Step 3: Query Embedding and Similarity Search

When a user submits a query to the LLM, the query is also embedded using the same embedding model as before. This embedded query is then used to search the database for the most similar embeddings. The similarity search is typically done using a vector similarity metric, such as cosine similarity or dot product. The goal is to find the embeddings that are closest to the query embedding, indicating that they contain relevant information.

Step 4: Context Addition and LLM Query

The final step in the RAG process is to take the contents of the most similar embedding(s) and add them as context to the original query. This enriched query is then passed to the LLM, which generates a response based on the original query and the additional context. The context provided by RAG helps the LLM to better understand the query and generate more accurate and informative responses.

When to use RAG

RAG is particularly beneficial in these situations:

1. Up-to-date information: When your application requires access to the latest information that may not be present in the model’s training data.

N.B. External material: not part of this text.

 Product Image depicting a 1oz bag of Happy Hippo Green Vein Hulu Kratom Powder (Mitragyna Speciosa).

2. Factual accuracy: RAG can improve the model’s ability to provide accurate, verifiable information by referencing external sources.

3. Customizable knowledge base: RAG allows you to easily update or modify the external knowledge source without retraining the entire model.

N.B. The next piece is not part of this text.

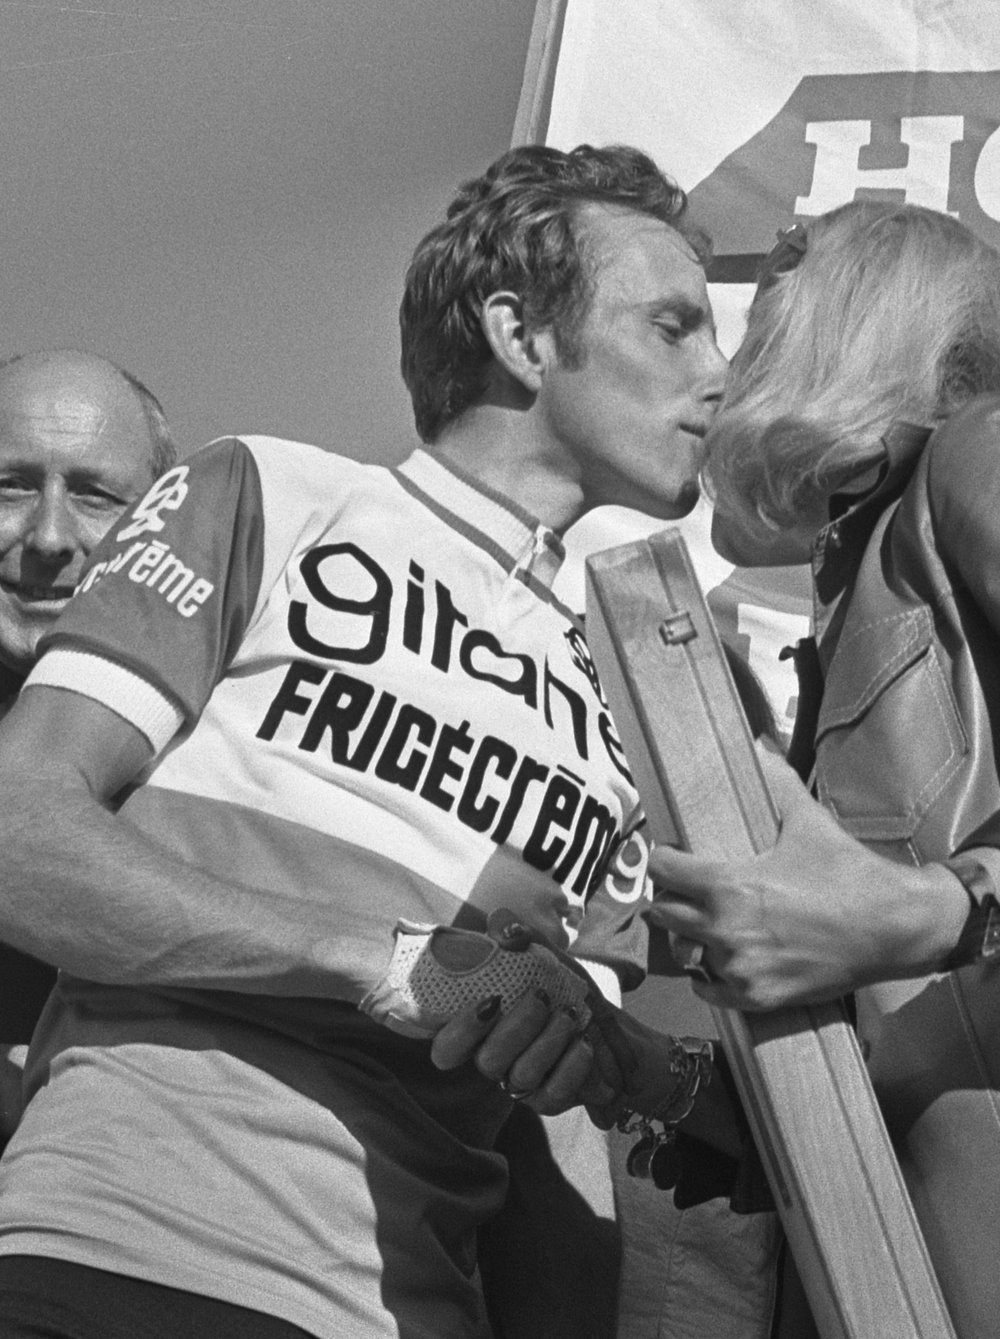 1973 ðŸ‡«ðŸ‡· Gitane FrigÃ©crÃ¨me - Original pro team TT jersey

For instance, a customer support chatbot for a tech company could be fine-tuned on the company’s documentation and support tickets to understand product-specific terminology and common issues. RAG could then be used to incorporate the latest product updates or known issues in real-time.

RAG performance

In order to get RAG to perform how you want, there are a number of parameters that you will likely need to fiddle around with, including:

1. Chunking strategy: You may choose to chunk based on sentence boundaries, paragraphs, or even semantic meaning. Experimenting with different chunk sizes can help you find the optimal balance between context richness and retrieval efficiency. Smaller chunks may provide more precise information but can lead to a loss of context, while larger chunks may retain context but could introduce irrelevant information.

2. Embedding model: The choice of embedding model is crucial, as it determines how well the text is represented in vector space. Different models may capture different aspects of the text, so it’s important to select one that aligns with your specific use case. You can start by looking through the MTEB leaderboard for the top embedding models, but remember that just because a model tops the leaderboard doesn’t necessarily mean that it will work best for your use case.

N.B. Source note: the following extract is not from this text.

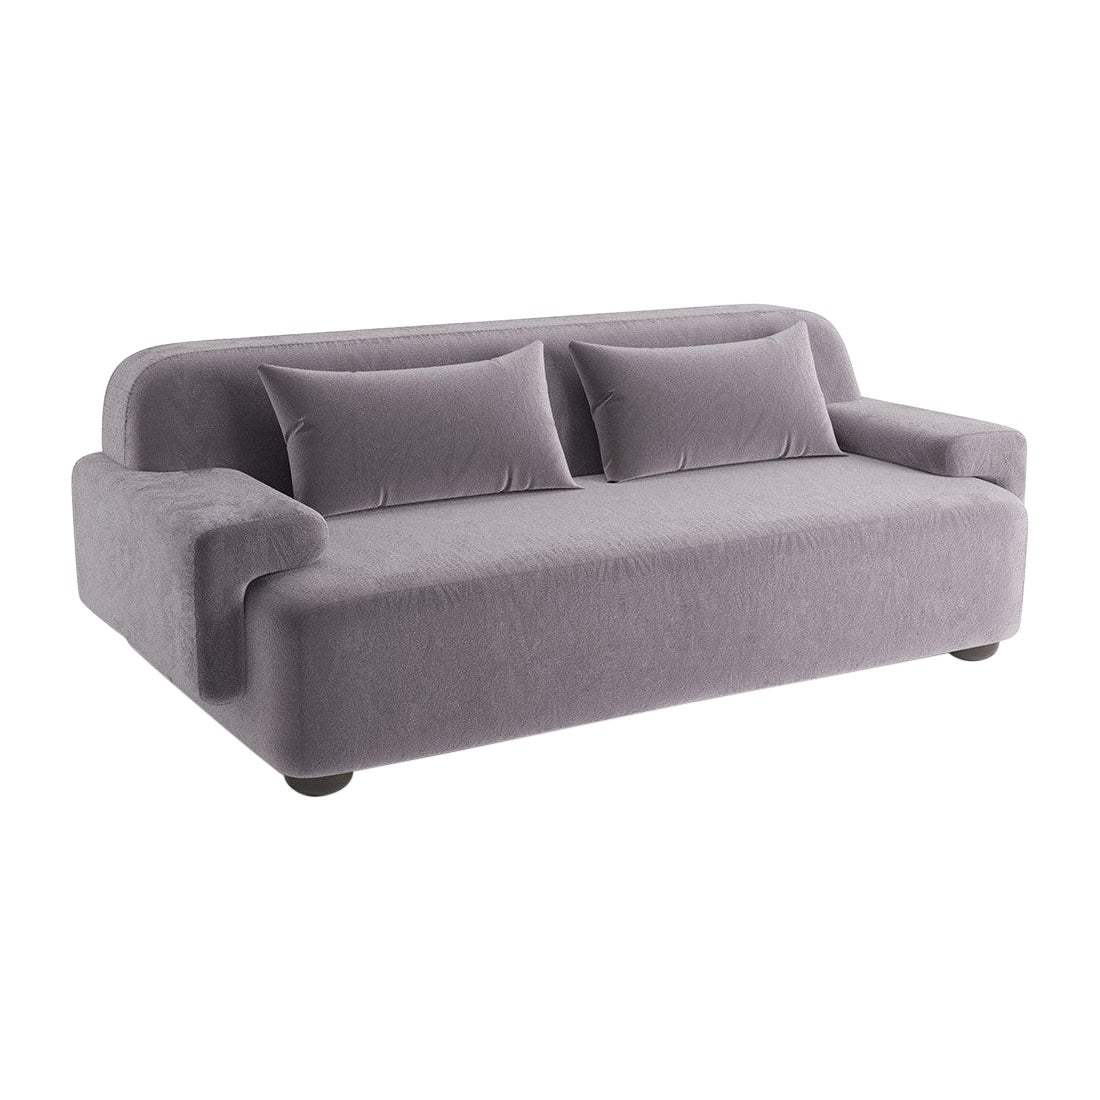 Popus Editions Lena 3 Seater Sofa in Gray Verone Velvet Upholstery

3. Similarity metric: The method you use to measure similarity between embeddings can greatly affect the retrieval results. Common metrics include cosine similarity, which measures the angle between two vectors, and dot product, which assesses the magnitude of the vectors. Depending on your application, you may want to experiment with different metrics to see which yields the best results for your queries. Additionally, consider implementing a hybrid approach that combines multiple metrics for improved accuracy.

4. Retrieval threshold: Setting a threshold for how similar an embedding must be to be considered relevant can help filter out noise. A lower threshold may retrieve more results, but could include less relevant information, while a higher threshold may yield fewer, but more accurate results. Tuning this parameter based on your specific needs can enhance the overall effectiveness of the RAG system.

5. Context length: The amount of context you provide to the LLM can also influence its performance. Too little context may lead to vague or irrelevant responses, while too much can overwhelm the model. Finding the right balance is key, and you may need to adjust the context length based on the complexity of the queries and the nature of the information being retrieved.

Conclusion

Both fine-tuning and RAG offer powerful ways to enhance LLM performance for specific use cases. Fine-tuning excels in creating models with deep domain expertise and consistent output, while RAG provides flexibility and up-to-date information access. By understanding the strengths of each approach, you can choose the most appropriate method—or combination of methods—for your specific needs.